You can know the output length when receiving, because the person making the API request has specified the output length reservation they want for forming the answer by providing the “max_tokens” parameter.
It is rather that your chatbot needs an interface or intelligence to set this when calling.
The API really needs an endpoint alias and redocumentation of max_tokens as “context_output_reservation”.
That’s a good idea. We use an open source reverse proxy that we modified to “sign” the body/payload of the message so only requests from our app can use our API key. ( Ton of API Key abuse out there)
We could modify this code to do what you’re talking about. Thanks.
I’m not getting how you would picture how such a “token adaptive model” would work.
You want a model selector, that operates per the current API specifications, that upgrades to the larger model when the user mis-specifies with more input tokens and more output reservation than the default context length?
Or rather do you see specifying “infinity” max tokens and then some smartness happens when the base model ends with a length message? It already would have run the small model up to the max to discover. And you’d need a completion engine that can be reloaded and do proper completions. Otherwise you get ChatGPT’s poor quality “continue” button being auto pressed. And reloading another instance with your first 4k is probably not going to save compute resources over just the large model to start with.
Why would it be more expensive? Unless I’m misunderstanding how we get charged. If you get back an error that says you’ve exceeded the max token length you are not charged or only charged for the prompts you sent not the potential response that you never received.
Basic MVP Workflow
Use 8k turbo model until you get a token max error
Take the prompts and responses from that request and send to 16k turbo model
Use 16k turbo model until you get a token max error
Take the prompts and responses from that request and send to 32k turbo model (if you have access)
Yes. Does anyone see any issues with the “MVP Workflow” besides there will be a short delay between each model switch. Obviously, it would be nice if open ai could handle this, but until then, do think the idea could work?
Beside that, which makes it possible to implement that workflow I see accepting 1MB prompts on a 8k token model as a bug (if it does that like it does on azure.
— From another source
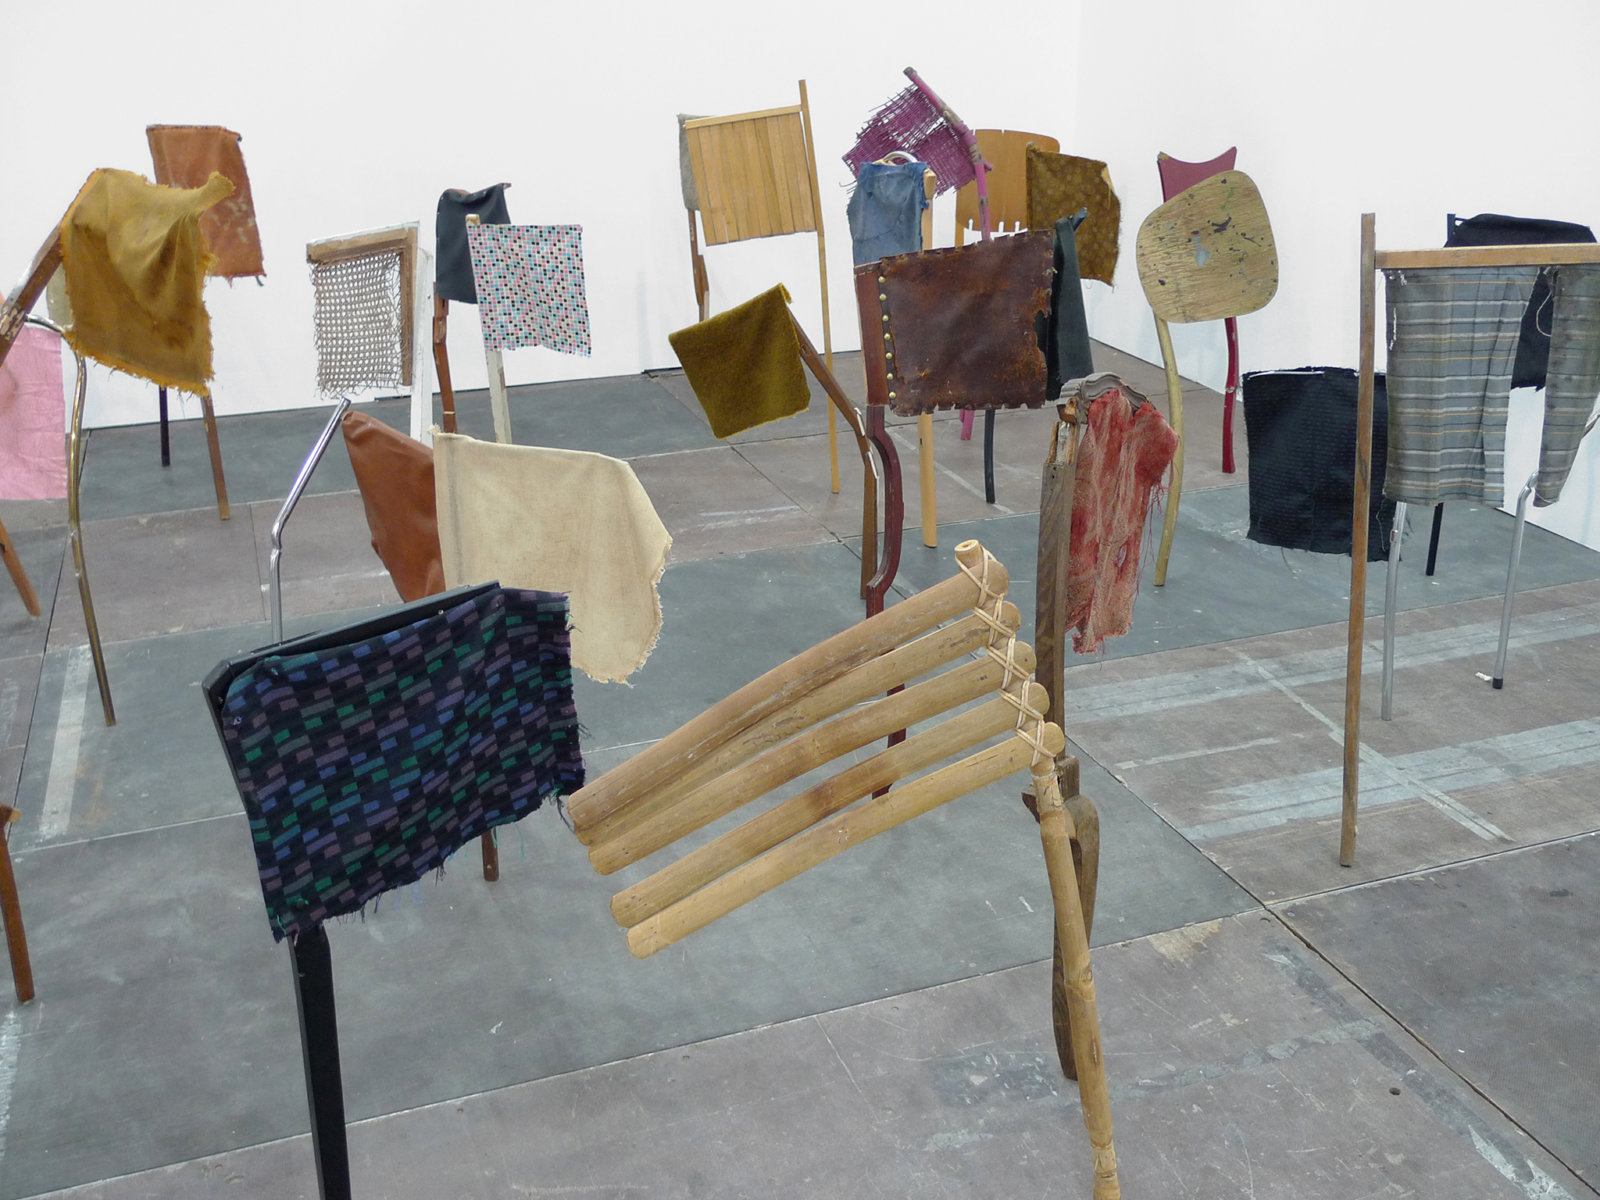 Ashes Withyman, Neither Here Nor There, 2009, textile, wood, plastic and metal, dimensions variable

I havn’t tested since it would charge me to do so).
I mean on gpt-35, let’s say you are trying to summarize 3500 1MB+ files in parallel which is the possible maximum that might lead to 3500 failed request with 3.5 billion token.
Which would cost like 7k per minute.
The problem is that API users cannot suppress the special tokens that are added to delineate roles, nor can they turn off the unseen “assistant” prompt and carriage return that is created before the AI answers.
This means that for us, there can be no true completion of another model’s truncated output, where you can continue where you left off - without those interruptions and token interjections that break coherency.
Since you probably maxed out the context of the smaller model with your own inputs, underestimating max_tokens, and not so much what the AI generated…you can just ask again.
Because you can’t switch models midstream, it’s just not possible.
While you can absolutely know the response token limit ahead of time, you cannot know how many tokens the model would want to use for a response until it gets there.
So, the only way to have the 16k-model continue from where the 4k-model ended would be to take the inputs and outputs from the 4k-model and use them as inputs to the 16k-model.
Now, of you mean something different, like starting out using the 4k-model, then when the context length reaches 4k-tokens continue the chat with the 16k-model… Well, that’s easy enough to do and something anyone could have done at any time via the API so I assumed that’s not what you meant.